Brubaker’s most recent work promotes privatization and competition in Canada’s water utilities; these exhibit the same kind of "non-ingenious" monopoly thinking as the energy utilities. Like Adams, she points to the benefits of the U.K.’s privatization experience where investment has reduced pollution dramatically and public beaches are clean enough for swimming for the first time in living memory. She notes that Canada’s provincial and federal governments are reluctant to take action against cash-strapped municipal water utilities that may be significant polluters, and that involving the individual in a real market is central to requisite changes.

"Customers must be metered and water consumption and wastewater treatment must be properly priced," she says. "If people aren’t able to pay the full true cost, subsidies should flow to the consumer, not to the [wasteful use of] resources."

Brubaker believes that property rights should be enshrined in the constitution. In the meantime, she points to another division of the EPRF – the Environmental Bureau of Investigation – as a resource that individuals can use to protect the environment and hold government and corporations accountable. Through the Bureau, individuals can initiate site cleanups and prosecutions of polluters where government has not been effective. (Several prosecutions under the federal Fisheries Act have been successful, and the law allows for individuals or groups initiating the actions to share in cash awards.)

Urban matters

Lawrence Solomon described pollution as an infringement of people’s property rights back in 1978 in his book The Conserver Solution, published when Energy Probe was still part of Pollution Probe. (The groups parted company over administrative differences, including fundraising, and, no doubt, differences of philosophy. Under the leadership of Dr. Donald Chant, Pollution Probe spent the next 20 years pursuing a futile central-planner’s dream to build a large toxic waste treatment plant that no community wanted.) The Conserver Solution identified the use of the courts as a way to make polluters pay (or to internalize costs).
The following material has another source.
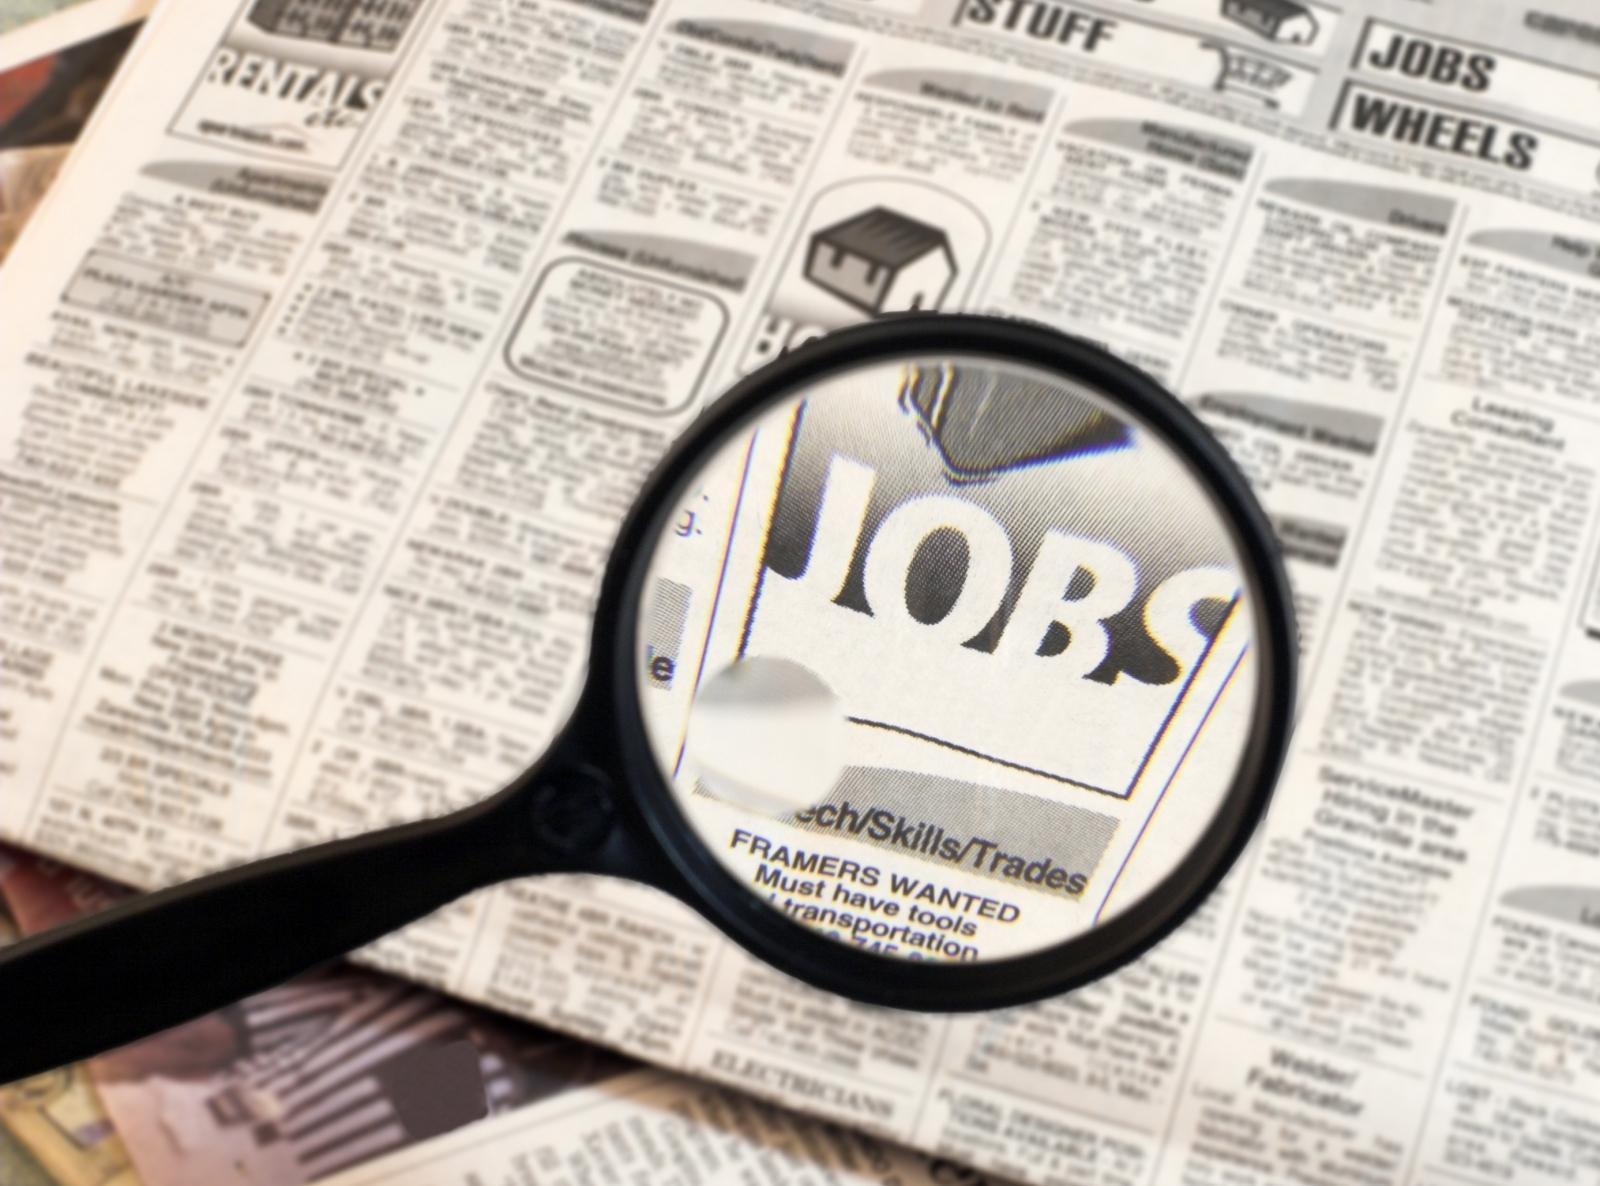 Những kinh nghiệm hữu ích khi tìm kiếm việc làm
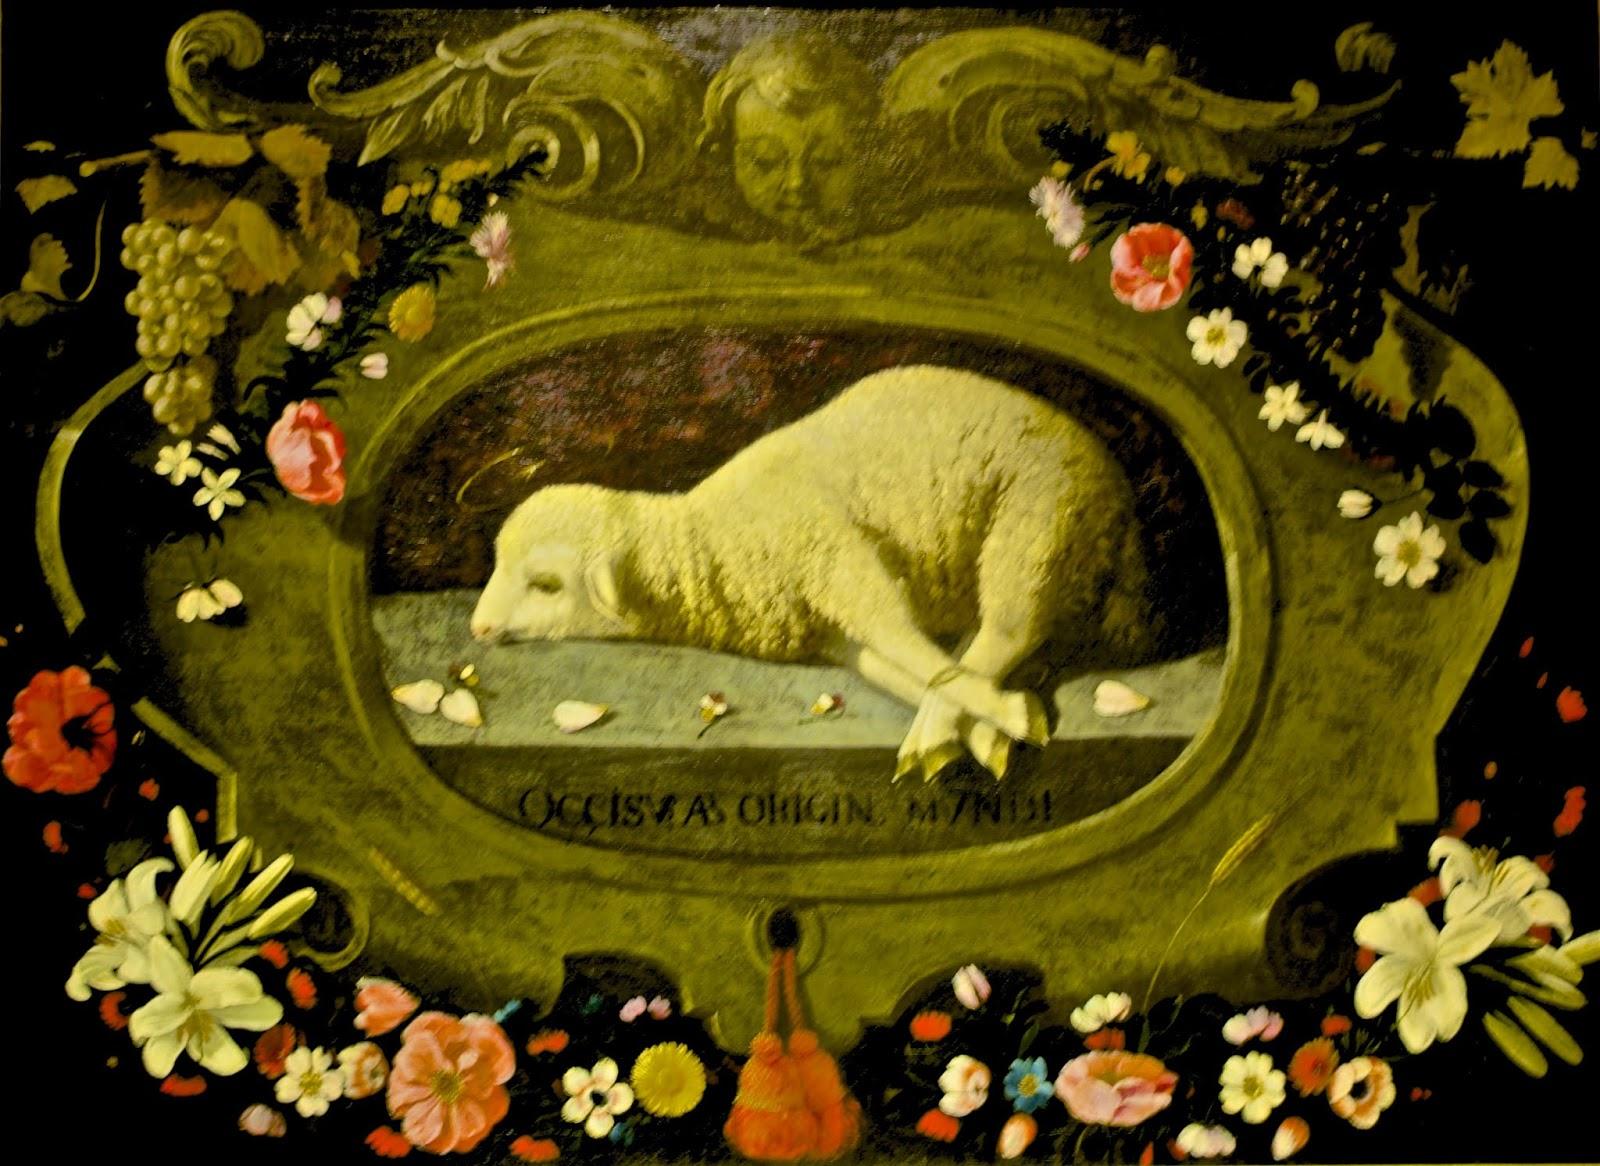 Agnus Dei, o cordeiro de Deus, do Museu Nacional de Arte Antiga em Lisboa, Portugal, ilustra este post sobre o Shijing, o Livro das Canções.

Such arguments were continued in Solomon’s later book, Energy Shock.

Solomon believes that ordinary citizens around the world passionately defend their lands, waters, forests, and fisheries – if they have the tools to do so. These days Solomon heads up the Urban Renaissance Institute division of EPRF and writes a regular column for the editorial pages of the Financial Post. His articles have effectively skewered government folly on a range of issues, including ludicrous schemes to subsidize ethanol production. One article series that was as original as it was devastating, exposed the way agricultural subsidies sustain uneconomic farms in rural areas that should be allowed to return to the wild.

Removal of subsidies and the opening up of protected markets to competition is a major theme in Solomon’s work and his ideas permeate across all the EPRF divisions. Solomon is currently working on a monograph that he says will demonstrate how urban sprawl is the direct result of government policy and hidden subsidies.

"Without the subsidies," Solomon says, "cities would evolve with greater density and efficiency."

Asked about other areas the EPRF is addressing, Solomon points to the ongoing work of Patricia Adams, executive director of the organization’s Probe International division, the work is an extrapolation from the ideas Adams presented in her 1991 book Odious Debts which exposed problems in foreign aid and recommended remedies for various loose government lending practices.

Asked whether he feels discouraged by society’s slow pace in adopting the EPRF’s ground-breaking ideas, Solomon replies that he feels quite the opposite.

"I’ve been around long enough to see many of our ideas take root and have an effect," he says. "I’d say we’re a pretty optimistic group."

Guy Crittenden is editor-in-chief of HazMat Management Magazine.